Starr’s first foray into virtual restaurants was in Philadelphia, with the Korean comfort food Pete’s Place and Chicken Scratch, both out of the elevated dining spot Serpico. He doesn’t believe predictions that ghost kitchens are the future of the restaurant industry.

“I’m cautiously optimistic about ghost kitchens as a revenue source,” he says. “But I’m not 100% convinced that people’s habits have changed forever, and that they’ll be so important once people feel safe going out again.”

Still, he’s about to open two more spots from inside his German hofbräuhaus Frankford Hall in Philadelphia: Wing Wing Wing—a bird with a telephone is the logo—at the end of March and the Burger that Ate Philadelphia in early April. “Most ghost kitchens are generic, we’re trying to give them soul, at least in the name,” says Starr.

If these concepts work well (right now they’re “breaking even”), he envisions consolidating four or five of them inside one dedicated space. Some might even be a gateway back to more traditional spots.

“I want Jackass Burritos to be precursor to brick-and-mortar places, to open on college campuses,” says Starr. He’s already started scouting property in Cambridge, Mass.; New Haven, Conn.; and around Penn State University. 

The ghost kitchen-within-a-kitchen model isn’t always viable in the fine-dining world. 

At Ever in Chicago, where the 10-course tasting menu is $285 ( 20,000 approx), owner Michael Muser and chef/owner Curtis Duffy, who last ran a three-Michelin-star kitchen, began selling juicy two-patty cheeseburgers for delivery in December.
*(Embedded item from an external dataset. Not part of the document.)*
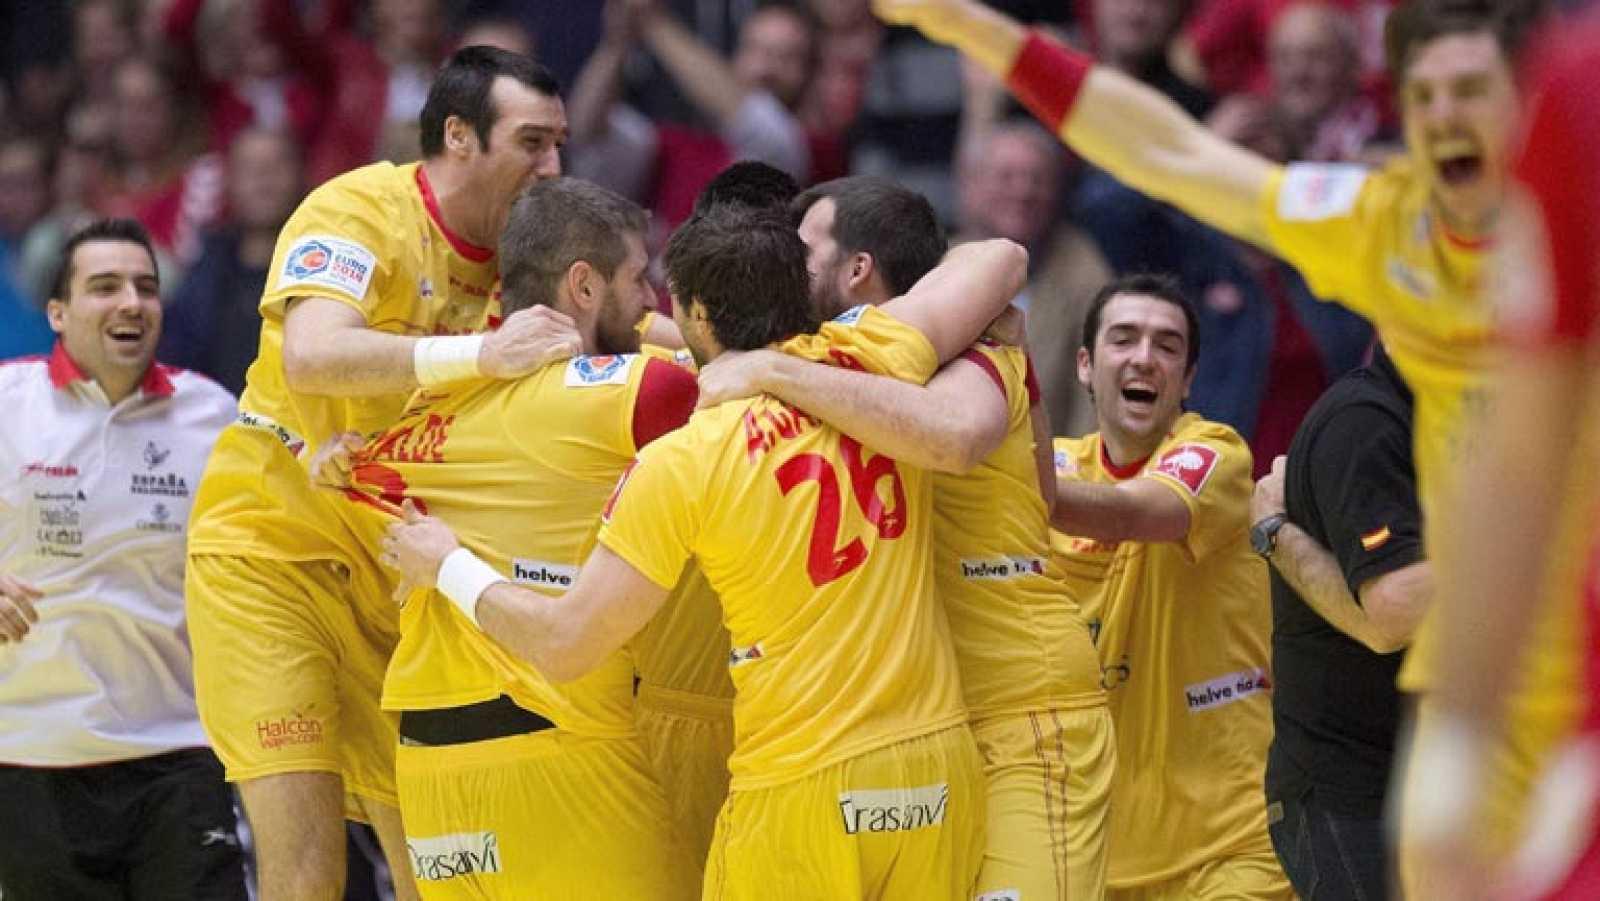 Para todos los públicos España conquista el bronce en el Europeo de  balonmano reproducir video 924e0208d13bd

But even before the restaurant re-opened in February, Muser moved Rêve Burger to an empty space across the street.

“We have a $140,000 ( 100 lakh approx) Bonnet stove that wasn’t intended for cooking burgers,” he says. Nor are greasy burger smells kind to the custom acoustic paneled-felt ceiling and wool carpeting in Ever’s dining room. Muser says they sell 200 to 300 burgers a day, which is far more than anticipated.

“But cooking burgers is not odorless,” he says. “It’s better for it to have its own life across the street.”